Supplied material:
——

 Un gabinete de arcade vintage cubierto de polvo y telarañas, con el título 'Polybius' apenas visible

——

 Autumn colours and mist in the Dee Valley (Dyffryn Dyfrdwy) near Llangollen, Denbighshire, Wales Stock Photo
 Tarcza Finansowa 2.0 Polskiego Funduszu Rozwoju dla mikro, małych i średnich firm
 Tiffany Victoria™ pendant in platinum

——

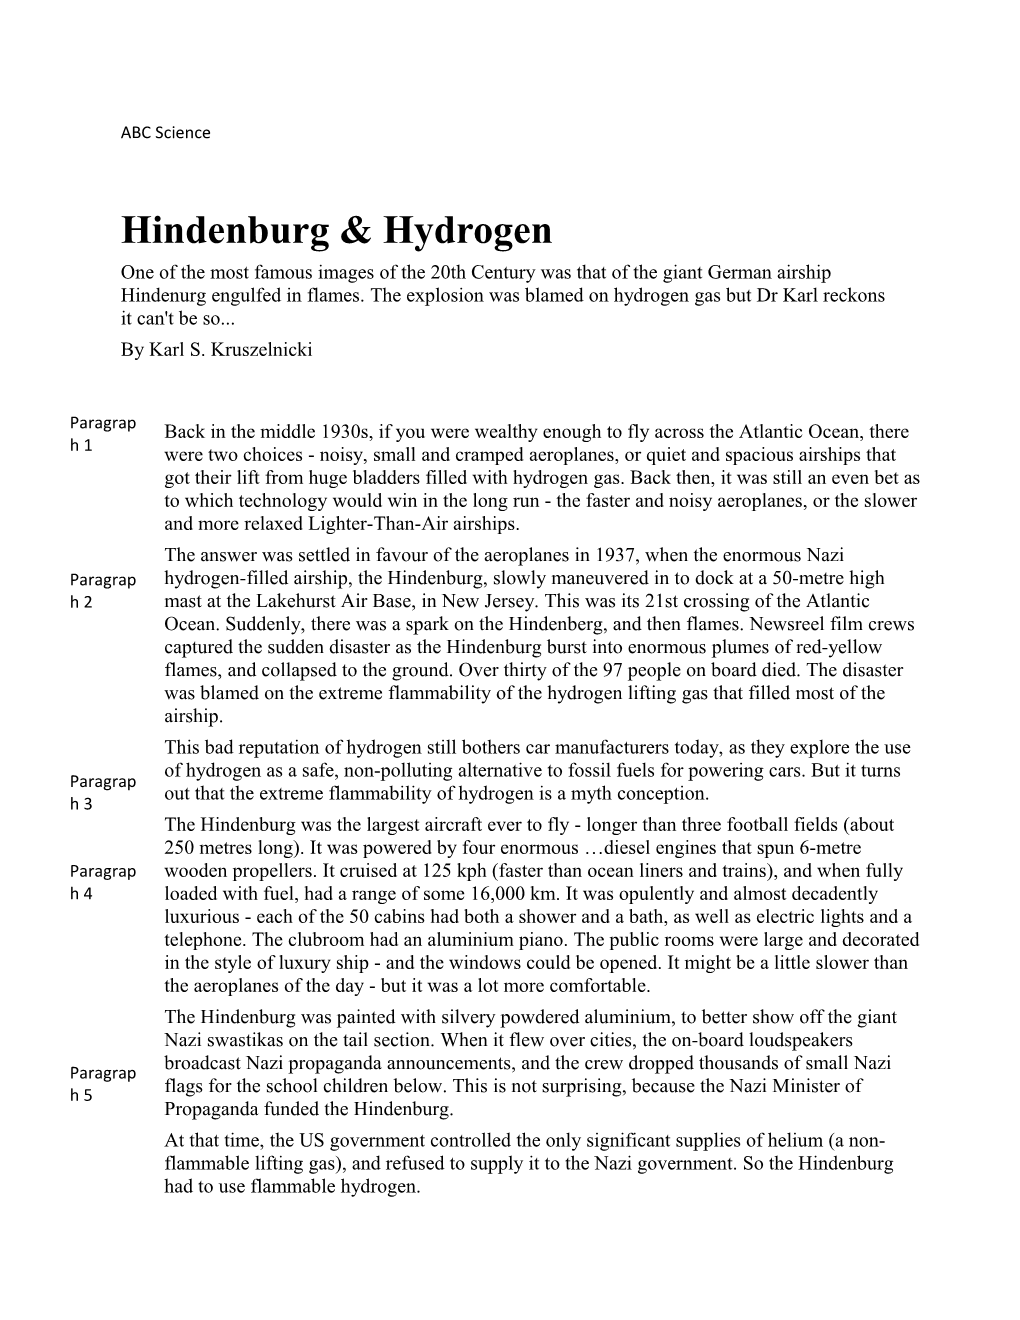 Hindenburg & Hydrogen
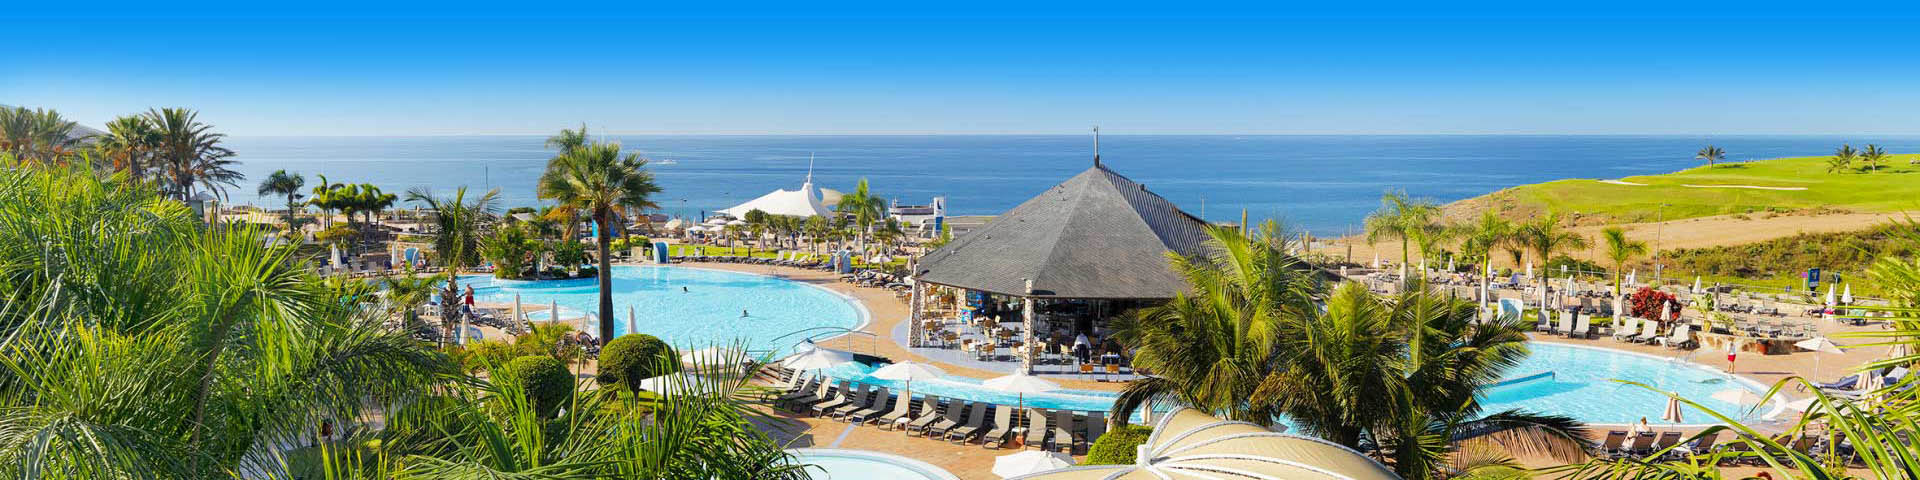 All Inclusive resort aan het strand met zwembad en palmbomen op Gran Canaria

——

Work required: Output should match, line for line, the stretch of the material above from the line holding "Tarcza Finansowa 2.0" through the line holding "Tiffany Victoria™ pendant in platinum".

Solved problem:
 Tarcza Finansowa 2.0 Polskiego Funduszu Rozwoju dla mikro, małych i średnich firm
 Tiffany Victoria™ pendant in platinum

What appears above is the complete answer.